**Brief:** Exact copies of all the entries below are expected in the answer.
+++ Records
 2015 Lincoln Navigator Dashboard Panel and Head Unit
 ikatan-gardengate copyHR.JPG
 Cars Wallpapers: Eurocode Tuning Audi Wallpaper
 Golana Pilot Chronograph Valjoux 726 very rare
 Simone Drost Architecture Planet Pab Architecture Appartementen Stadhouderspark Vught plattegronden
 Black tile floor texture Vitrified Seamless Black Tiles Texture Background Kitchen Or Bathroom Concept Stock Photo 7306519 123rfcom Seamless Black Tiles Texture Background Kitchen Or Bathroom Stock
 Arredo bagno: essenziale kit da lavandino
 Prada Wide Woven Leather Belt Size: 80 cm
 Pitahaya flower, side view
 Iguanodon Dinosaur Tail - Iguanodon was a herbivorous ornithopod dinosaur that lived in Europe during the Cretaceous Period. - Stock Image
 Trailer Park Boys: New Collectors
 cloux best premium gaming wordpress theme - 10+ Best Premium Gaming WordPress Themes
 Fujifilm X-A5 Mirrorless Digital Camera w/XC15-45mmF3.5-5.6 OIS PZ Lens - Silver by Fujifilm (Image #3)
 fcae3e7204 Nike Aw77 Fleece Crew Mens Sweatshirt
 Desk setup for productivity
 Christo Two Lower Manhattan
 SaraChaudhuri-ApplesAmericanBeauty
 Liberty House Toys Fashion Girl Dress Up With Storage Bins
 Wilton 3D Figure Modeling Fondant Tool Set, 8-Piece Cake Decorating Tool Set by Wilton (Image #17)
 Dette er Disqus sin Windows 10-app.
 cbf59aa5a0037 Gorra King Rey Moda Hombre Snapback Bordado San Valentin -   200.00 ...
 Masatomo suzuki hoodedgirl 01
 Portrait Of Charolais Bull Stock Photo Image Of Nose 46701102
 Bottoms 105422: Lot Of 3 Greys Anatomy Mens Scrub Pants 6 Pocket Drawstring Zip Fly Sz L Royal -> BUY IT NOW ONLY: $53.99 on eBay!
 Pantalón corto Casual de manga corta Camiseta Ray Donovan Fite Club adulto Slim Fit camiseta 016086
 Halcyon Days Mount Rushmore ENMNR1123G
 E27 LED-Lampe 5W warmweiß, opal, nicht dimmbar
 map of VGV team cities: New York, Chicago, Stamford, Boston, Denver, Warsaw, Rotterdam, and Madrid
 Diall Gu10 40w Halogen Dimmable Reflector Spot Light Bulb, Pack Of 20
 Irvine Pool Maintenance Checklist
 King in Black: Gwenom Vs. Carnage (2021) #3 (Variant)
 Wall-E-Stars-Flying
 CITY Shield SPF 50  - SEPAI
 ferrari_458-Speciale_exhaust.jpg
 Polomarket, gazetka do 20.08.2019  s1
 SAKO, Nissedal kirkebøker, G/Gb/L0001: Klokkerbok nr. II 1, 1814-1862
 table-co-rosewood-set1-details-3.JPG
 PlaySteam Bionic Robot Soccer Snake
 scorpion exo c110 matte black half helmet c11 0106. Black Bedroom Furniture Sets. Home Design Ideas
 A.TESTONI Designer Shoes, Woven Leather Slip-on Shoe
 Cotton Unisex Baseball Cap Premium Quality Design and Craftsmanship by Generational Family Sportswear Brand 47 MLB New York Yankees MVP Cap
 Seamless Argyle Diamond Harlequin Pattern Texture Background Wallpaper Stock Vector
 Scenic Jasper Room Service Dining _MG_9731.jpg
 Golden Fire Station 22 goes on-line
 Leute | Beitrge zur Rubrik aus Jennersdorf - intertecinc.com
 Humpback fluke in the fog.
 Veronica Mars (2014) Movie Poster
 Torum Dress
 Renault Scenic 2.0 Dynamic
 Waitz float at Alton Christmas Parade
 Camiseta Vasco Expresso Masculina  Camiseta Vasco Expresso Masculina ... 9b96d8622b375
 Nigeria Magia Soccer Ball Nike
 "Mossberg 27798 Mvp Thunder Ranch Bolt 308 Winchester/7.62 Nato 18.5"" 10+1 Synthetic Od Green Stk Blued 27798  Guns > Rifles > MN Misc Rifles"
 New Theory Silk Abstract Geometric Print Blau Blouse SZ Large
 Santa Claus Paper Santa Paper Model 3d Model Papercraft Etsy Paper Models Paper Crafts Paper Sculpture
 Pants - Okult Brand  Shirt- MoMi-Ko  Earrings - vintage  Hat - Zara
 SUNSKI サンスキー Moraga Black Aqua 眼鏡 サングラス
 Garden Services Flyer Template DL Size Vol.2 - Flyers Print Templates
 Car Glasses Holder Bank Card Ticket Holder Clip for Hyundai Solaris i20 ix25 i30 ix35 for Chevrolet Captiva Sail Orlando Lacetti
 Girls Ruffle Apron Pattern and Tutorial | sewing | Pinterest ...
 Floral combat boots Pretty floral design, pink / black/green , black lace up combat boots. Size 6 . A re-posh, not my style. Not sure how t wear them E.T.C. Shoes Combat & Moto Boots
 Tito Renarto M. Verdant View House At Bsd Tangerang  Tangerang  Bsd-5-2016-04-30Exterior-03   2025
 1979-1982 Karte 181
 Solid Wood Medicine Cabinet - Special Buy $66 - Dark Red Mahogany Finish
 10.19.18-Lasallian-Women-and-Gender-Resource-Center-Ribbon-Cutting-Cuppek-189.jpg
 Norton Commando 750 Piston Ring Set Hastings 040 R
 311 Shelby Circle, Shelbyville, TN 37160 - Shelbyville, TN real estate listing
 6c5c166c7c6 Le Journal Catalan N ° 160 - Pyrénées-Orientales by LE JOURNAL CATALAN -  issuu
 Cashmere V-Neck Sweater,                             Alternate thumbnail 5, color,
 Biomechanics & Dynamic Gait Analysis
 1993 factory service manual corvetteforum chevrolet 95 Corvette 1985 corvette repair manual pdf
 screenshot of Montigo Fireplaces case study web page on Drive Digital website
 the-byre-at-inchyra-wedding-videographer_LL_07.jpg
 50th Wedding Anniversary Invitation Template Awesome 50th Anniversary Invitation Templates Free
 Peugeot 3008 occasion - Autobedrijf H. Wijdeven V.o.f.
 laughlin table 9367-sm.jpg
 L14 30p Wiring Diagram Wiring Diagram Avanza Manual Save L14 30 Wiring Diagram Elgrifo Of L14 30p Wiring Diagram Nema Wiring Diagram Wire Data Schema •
++++++
**Answer to this task:**
 2015 Lincoln Navigator Dashboard Panel and Head Unit
 ikatan-gardengate copyHR.JPG
 Cars Wallpapers: Eurocode Tuning Audi Wallpaper
 Golana Pilot Chronograph Valjoux 726 very rare
 Simone Drost Architecture Planet Pab Architecture Appartementen Stadhouderspark Vught plattegronden
 Black tile floor texture Vitrified Seamless Black Tiles Texture Background Kitchen Or Bathroom Concept Stock Photo 7306519 123rfcom Seamless Black Tiles Texture Background Kitchen Or Bathroom Stock
 Arredo bagno: essenziale kit da lavandino
 Prada Wide Woven Leather Belt Size: 80 cm
 Pitahaya flower, side view
 Iguanodon Dinosaur Tail - Iguanodon was a herbivorous ornithopod dinosaur that lived in Europe during the Cretaceous Period. - Stock Image
 Trailer Park Boys: New Collectors
 cloux best premium gaming wordpress theme - 10+ Best Premium Gaming WordPress Themes
 Fujifilm X-A5 Mirrorless Digital Camera w/XC15-45mmF3.5-5.6 OIS PZ Lens - Silver by Fujifilm (Image #3)
 fcae3e7204 Nike Aw77 Fleece Crew Mens Sweatshirt
 Desk setup for productivity
 Christo Two Lower Manhattan
 SaraChaudhuri-ApplesAmericanBeauty
 Liberty House Toys Fashion Girl Dress Up With Storage Bins
 Wilton 3D Figure Modeling Fondant Tool Set, 8-Piece Cake Decorating Tool Set by Wilton (Image #17)
 Dette er Disqus sin Windows 10-app.
 cbf59aa5a0037 Gorra King Rey Moda Hombre Snapback Bordado San Valentin -   200.00 ...
 Masatomo suzuki hoodedgirl 01
 Portrait Of Charolais Bull Stock Photo Image Of Nose 46701102
 Bottoms 105422: Lot Of 3 Greys Anatomy Mens Scrub Pants 6 Pocket Drawstring Zip Fly Sz L Royal -> BUY IT NOW ONLY: $53.99 on eBay!
 Pantalón corto Casual de manga corta Camiseta Ray Donovan Fite Club adulto Slim Fit camiseta 016086
 Halcyon Days Mount Rushmore ENMNR1123G
 E27 LED-Lampe 5W warmweiß, opal, nicht dimmbar
 map of VGV team cities: New York, Chicago, Stamford, Boston, Denver, Warsaw, Rotterdam, and Madrid
 Diall Gu10 40w Halogen Dimmable Reflector Spot Light Bulb, Pack Of 20
 Irvine Pool Maintenance Checklist
 King in Black: Gwenom Vs. Carnage (2021) #3 (Variant)
 Wall-E-Stars-Flying
 CITY Shield SPF 50  - SEPAI
 ferrari_458-Speciale_exhaust.jpg
 Polomarket, gazetka do 20.08.2019  s1
 SAKO, Nissedal kirkebøker, G/Gb/L0001: Klokkerbok nr. II 1, 1814-1862
 table-co-rosewood-set1-details-3.JPG
 PlaySteam Bionic Robot Soccer Snake
 scorpion exo c110 matte black half helmet c11 0106. Black Bedroom Furniture Sets. Home Design Ideas
 A.TESTONI Designer Shoes, Woven Leather Slip-on Shoe
 Cotton Unisex Baseball Cap Premium Quality Design and Craftsmanship by Generational Family Sportswear Brand 47 MLB New York Yankees MVP Cap
 Seamless Argyle Diamond Harlequin Pattern Texture Background Wallpaper Stock Vector
 Scenic Jasper Room Service Dining _MG_9731.jpg
 Golden Fire Station 22 goes on-line
 Leute | Beitrge zur Rubrik aus Jennersdorf - intertecinc.com
 Humpback fluke in the fog.
 Veronica Mars (2014) Movie Poster
 Torum Dress
 Renault Scenic 2.0 Dynamic
 Waitz float at Alton Christmas Parade
 Camiseta Vasco Expresso Masculina  Camiseta Vasco Expresso Masculina ... 9b96d8622b375
 Nigeria Magia Soccer Ball Nike
 "Mossberg 27798 Mvp Thunder Ranch Bolt 308 Winchester/7.62 Nato 18.5"" 10+1 Synthetic Od Green Stk Blued 27798  Guns > Rifles > MN Misc Rifles"
 New Theory Silk Abstract Geometric Print Blau Blouse SZ Large
 Santa Claus Paper Santa Paper Model 3d Model Papercraft Etsy Paper Models Paper Crafts Paper Sculpture
 Pants - Okult Brand  Shirt- MoMi-Ko  Earrings - vintage  Hat - Zara
 SUNSKI サンスキー Moraga Black Aqua 眼鏡 サングラス
 Garden Services Flyer Template DL Size Vol.2 - Flyers Print Templates
 Car Glasses Holder Bank Card Ticket Holder Clip for Hyundai Solaris i20 ix25 i30 ix35 for Chevrolet Captiva Sail Orlando Lacetti
 Girls Ruffle Apron Pattern and Tutorial | sewing | Pinterest ...
 Floral combat boots Pretty floral design, pink / black/green , black lace up combat boots. Size 6 . A re-posh, not my style. Not sure how t wear them E.T.C. Shoes Combat & Moto Boots
 Tito Renarto M. Verdant View House At Bsd Tangerang  Tangerang  Bsd-5-2016-04-30Exterior-03   2025
 1979-1982 Karte 181
 Solid Wood Medicine Cabinet - Special Buy $66 - Dark Red Mahogany Finish
 10.19.18-Lasallian-Women-and-Gender-Resource-Center-Ribbon-Cutting-Cuppek-189.jpg
 Norton Commando 750 Piston Ring Set Hastings 040 R
 311 Shelby Circle, Shelbyville, TN 37160 - Shelbyville, TN real estate listing
 6c5c166c7c6 Le Journal Catalan N ° 160 - Pyrénées-Orientales by LE JOURNAL CATALAN -  issuu
 Cashmere V-Neck Sweater,                             Alternate thumbnail 5, color,
 Biomechanics & Dynamic Gait Analysis
 1993 factory service manual corvetteforum chevrolet 95 Corvette 1985 corvette repair manual pdf
 screenshot of Montigo Fireplaces case study web page on Drive Digital website
 the-byre-at-inchyra-wedding-videographer_LL_07.jpg
 50th Wedding Anniversary Invitation Template Awesome 50th Anniversary Invitation Templates Free
 Peugeot 3008 occasion - Autobedrijf H. Wijdeven V.o.f.
 laughlin table 9367-sm.jpg
 L14 30p Wiring Diagram Wiring Diagram Avanza Manual Save L14 30 Wiring Diagram Elgrifo Of L14 30p Wiring Diagram Nema Wiring Diagram Wire Data Schema •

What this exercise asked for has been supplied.